Repeat the data word for word. Do not include the pictures.

*Information supplied*:
--
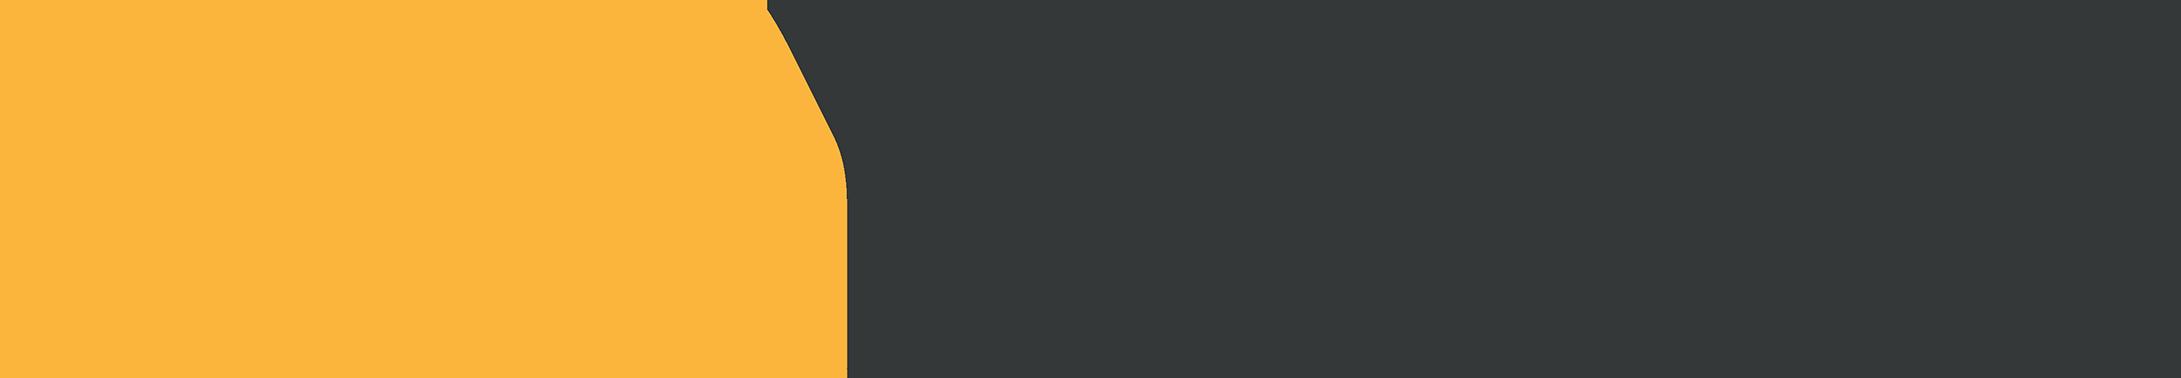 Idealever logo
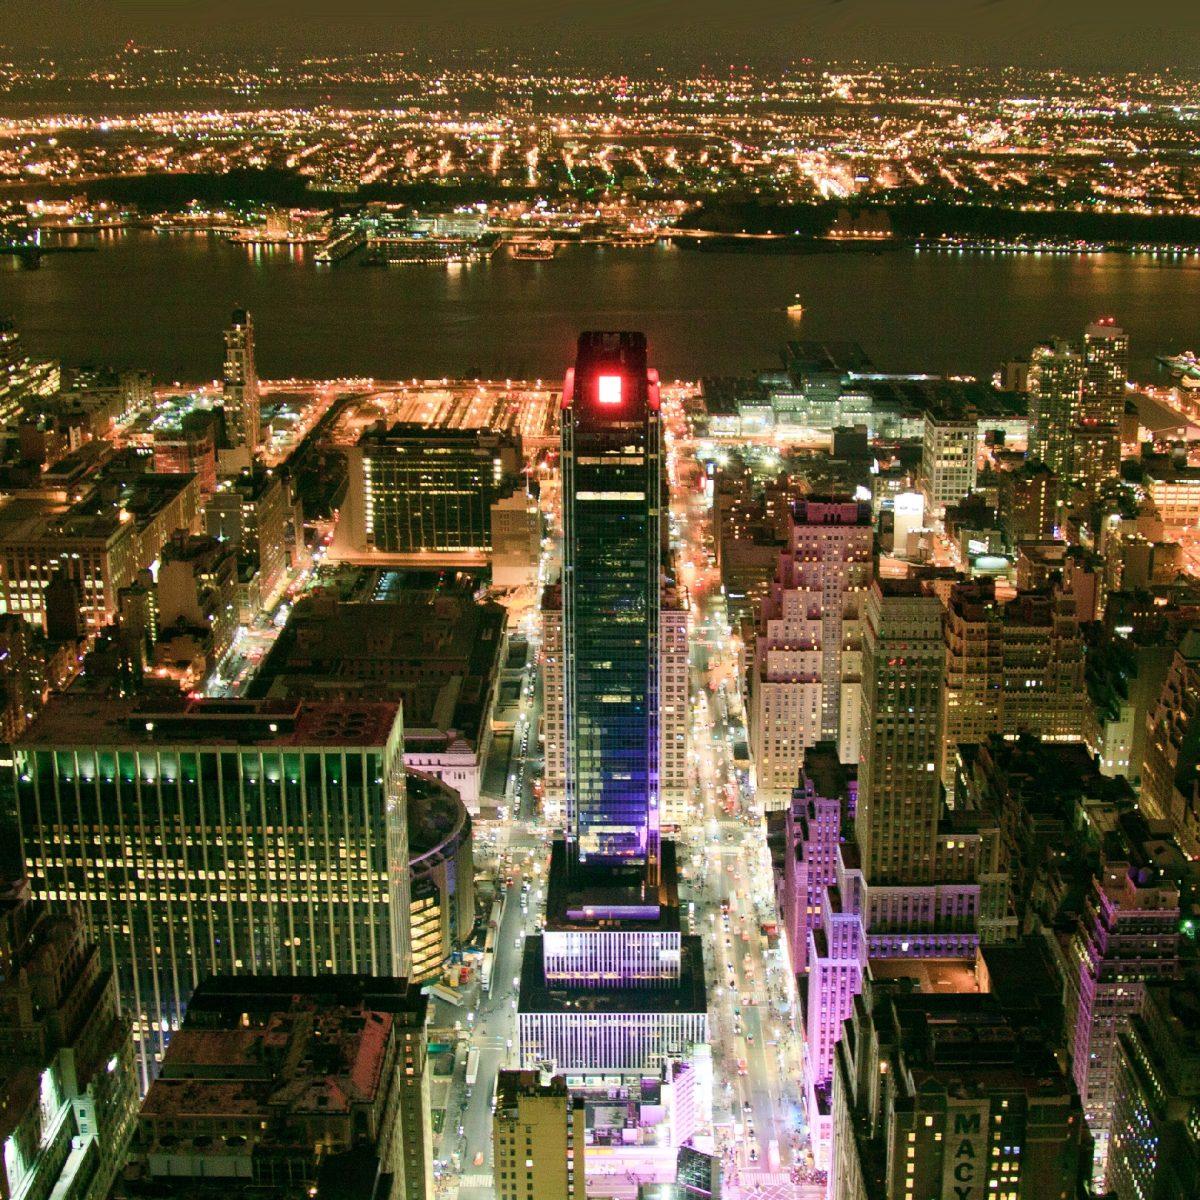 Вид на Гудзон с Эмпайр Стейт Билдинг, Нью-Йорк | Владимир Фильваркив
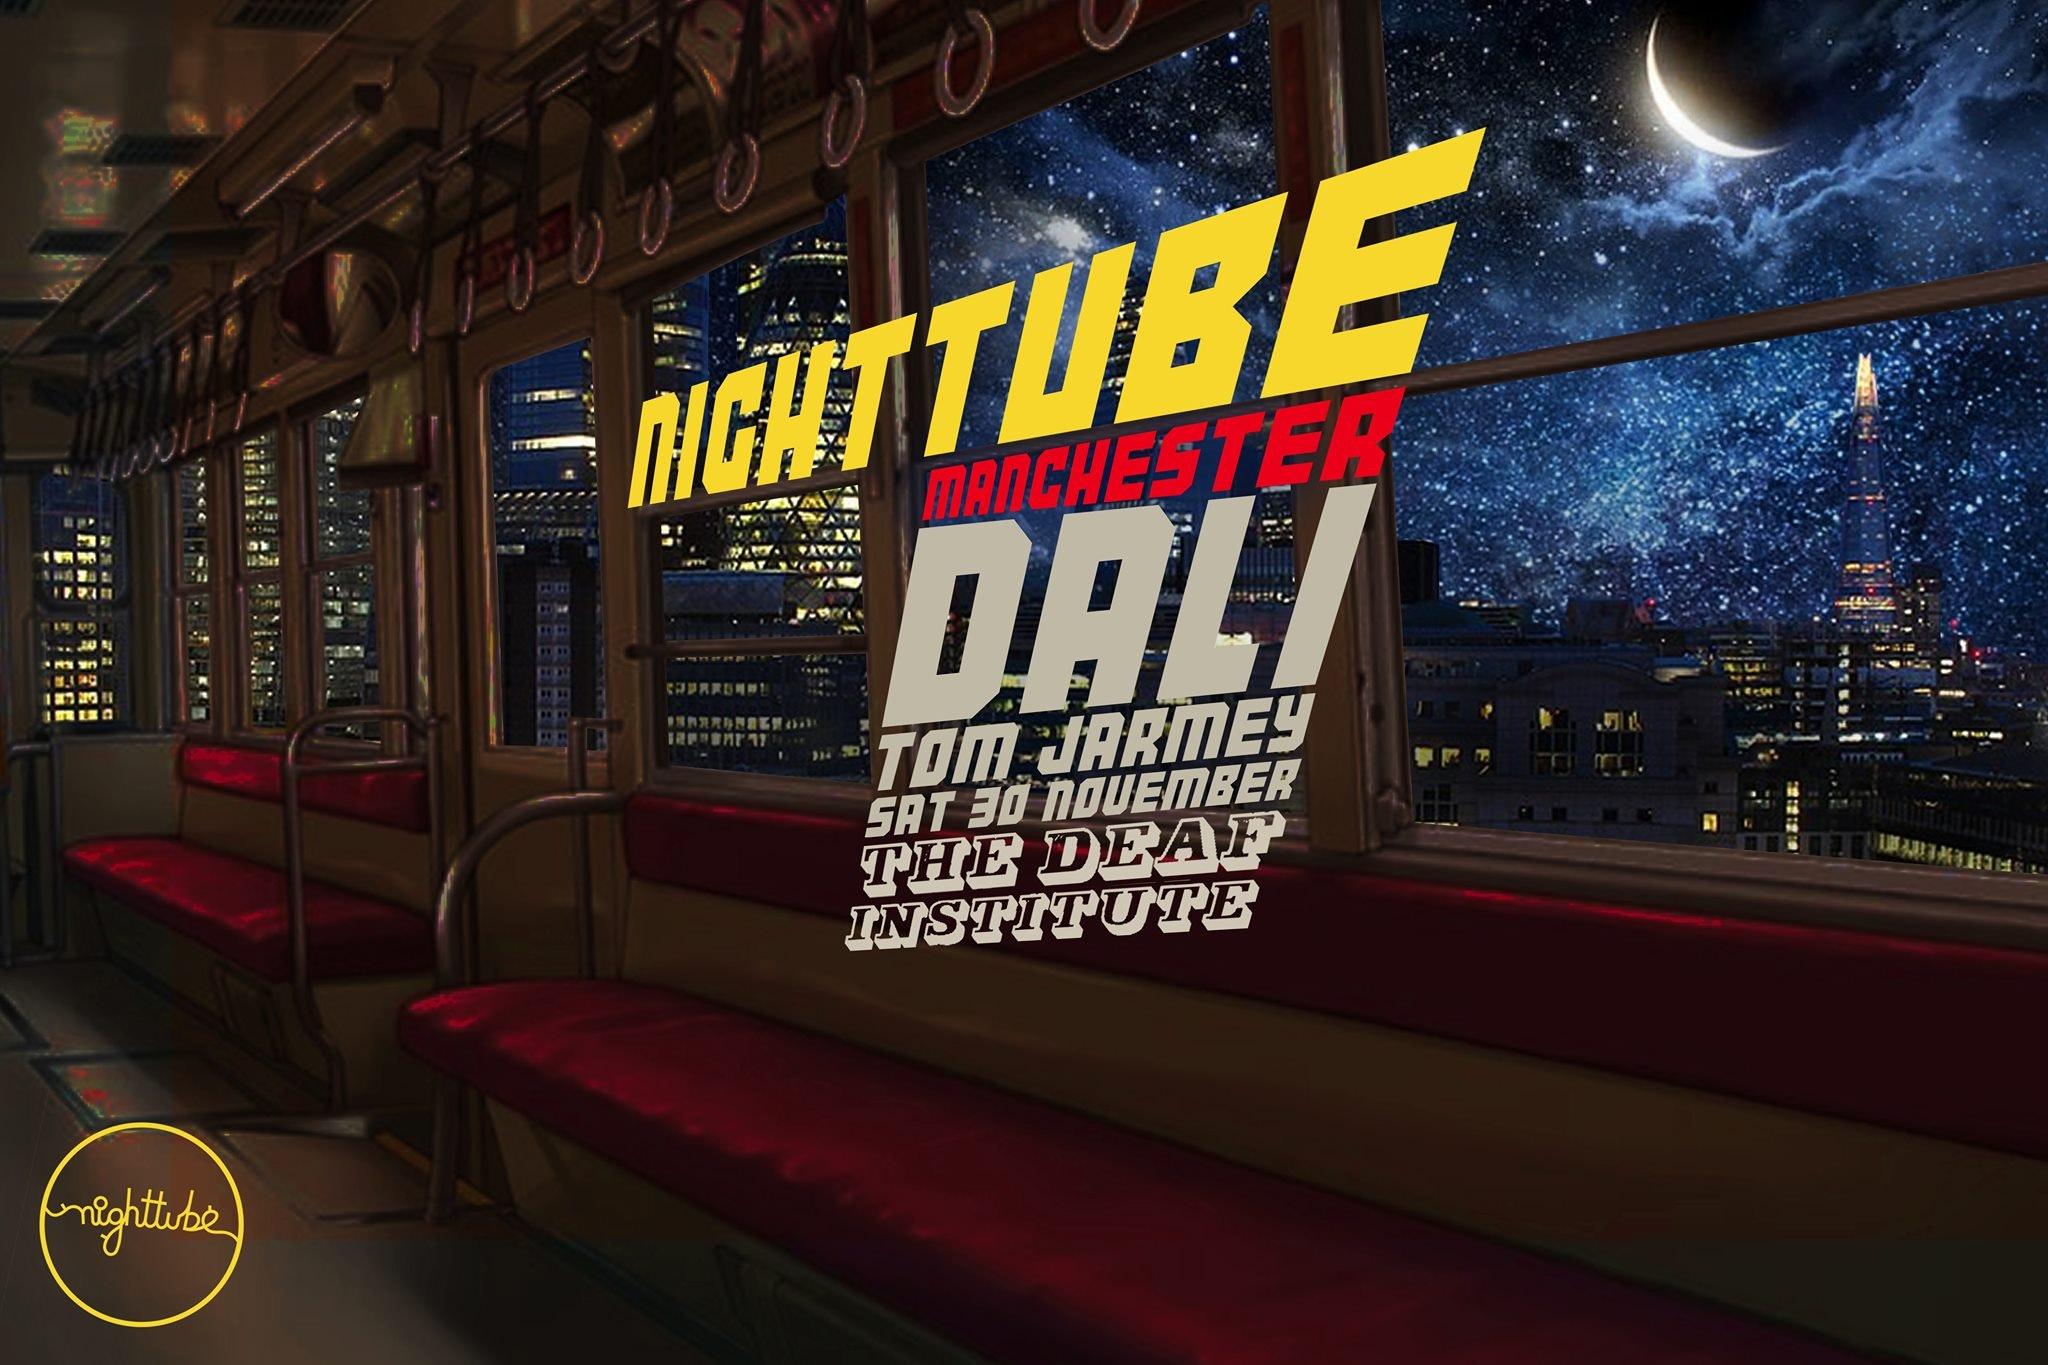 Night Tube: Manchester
--
*Answer section*:
 Idealever logo
 Вид на Гудзон с Эмпайр Стейт Билдинг, Нью-Йорк | Владимир Фильваркив
 Night Tube: Manchester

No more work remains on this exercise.